5. Collect the supernatant that has spun through the filter. Repeat step 4 until no more flow-through is observed.

6. Transfer 50 μL acidified methanol onto the filter and further centrifuge at 4 °C for 20 min at 14,000g. Combine all the supernatants.

7. Evaporate the solvent under vacuum and store the dried sample at −80 °C for future analysis.

2.3. Neuropeptide Reduction and Alkylation

2.3.1. Materials and Buffer Recipes

1. 50 mM ammonium bicarbonate (ABC)

2. 100 mM DTT

3. 200 mM IAA

4. Speed-vacuum sample dry system

2.3.2. DTT and IAA Reactions

1. Resuspend neuropeptide extract in a centrifuge tube with 100 μL 50 mM ABC. Vortex to allow sufficient mixing

2. Add 5.26 μL DTT into the centrifuge tube and incubate at room temperature for 1 hr.

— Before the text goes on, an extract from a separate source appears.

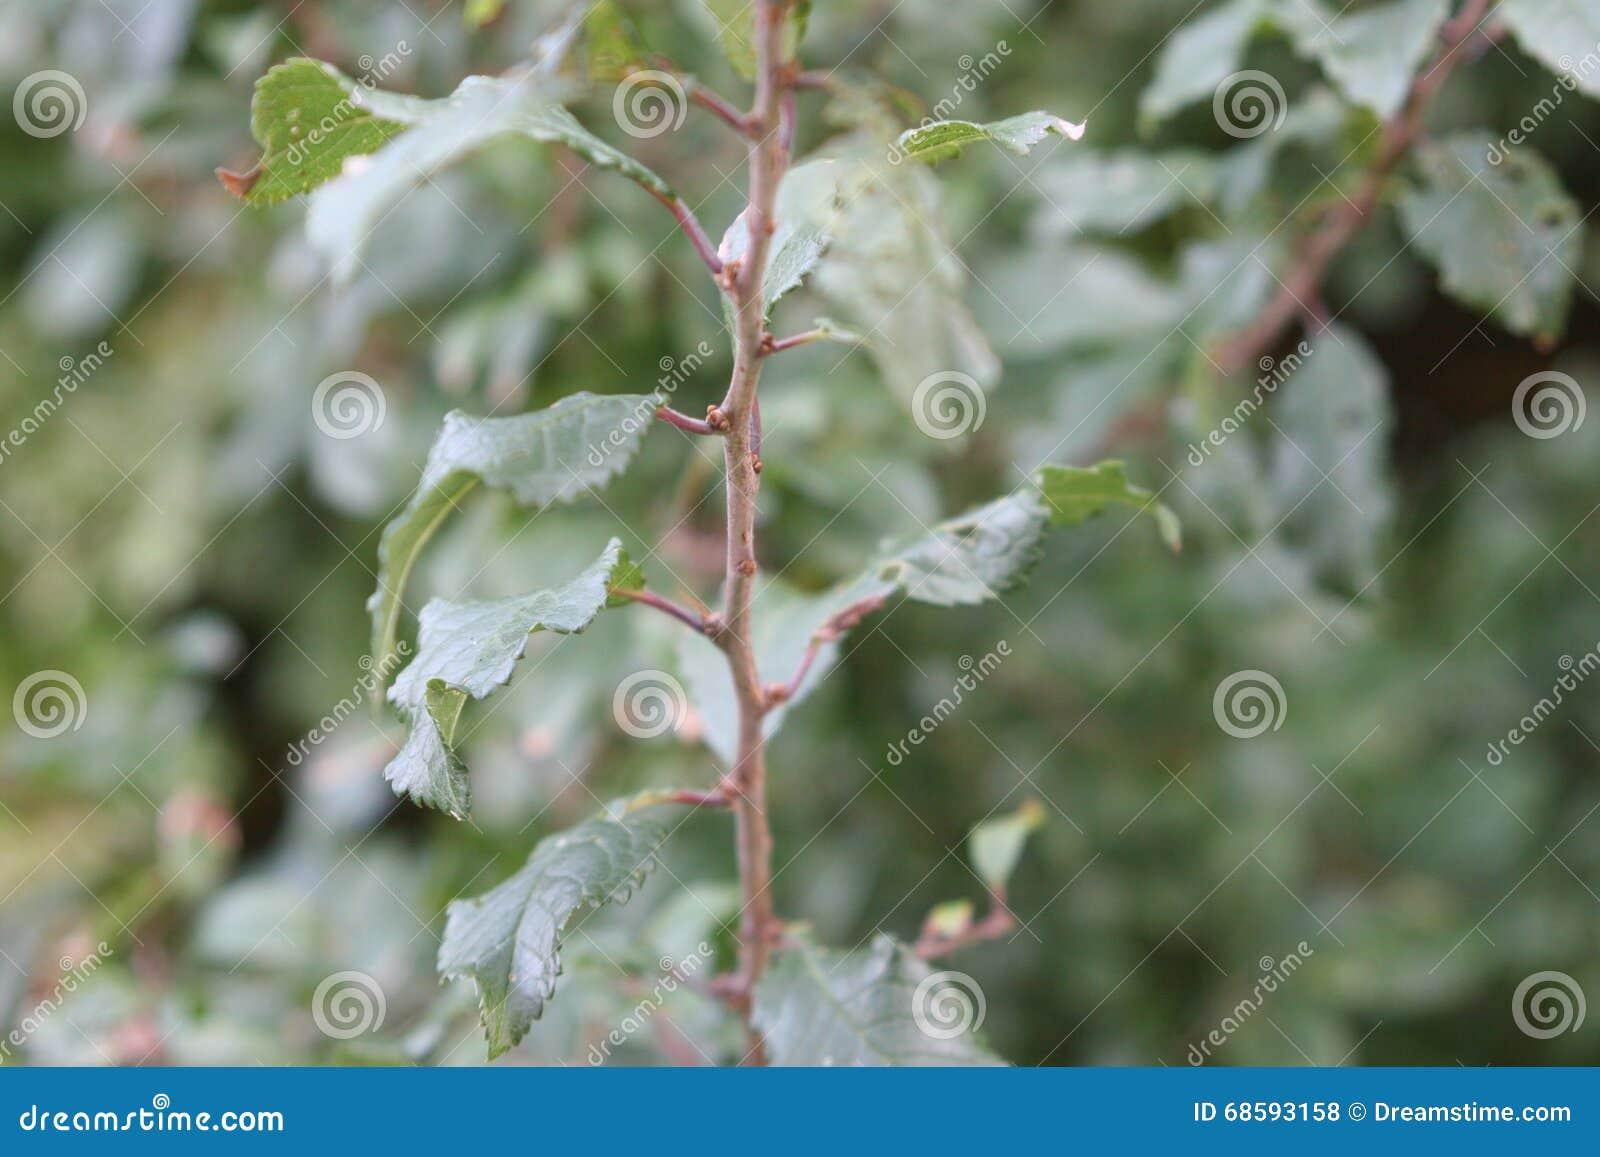 Folhas em um ramo de uma planta

3. Add 8.53 μL IAA into the centrifuge tube and incubate in dark at room temperature for 30 min.

4. Add 5.26 μL DTT into the centrifuge tube and incubate at room temperature for 5 min.

5. Dry down sample solvent under vacuum and store the dried sample at −80 °C for future analysis.

Our method incorporates both organic solvent precipitation and acid extraction to remove large proteins from neuropeptides in tissue samples. Organic solvent precipitation is one of the most common methods applied to isolate peptides from insoluble proteins (Patel et al., 2018; Simpson & Beynon, 2010; Williams et al., 2010). The addition of organic solvents disrupt the ordered water molecules surrounding the proteins and the hydrate layer around are decreased. Polar interactions between aqueous solvent and the protein are minimized, leading the protein to aggregate and precipitate due to the electrostatic interaction. The reduced solubility can effectively clean out the abundant large proteins, making peptides and small proteins in the solution accessible to analysis in the following steps. Popular choices for precipitants are various alcohols and acetone, among which, acetone is considered superior because of the minimal diluted volume and more dense precipitation (Chertov et al., 2004; Polson, Sarkar, Incledon, Raguvaran, & Grant, 2003).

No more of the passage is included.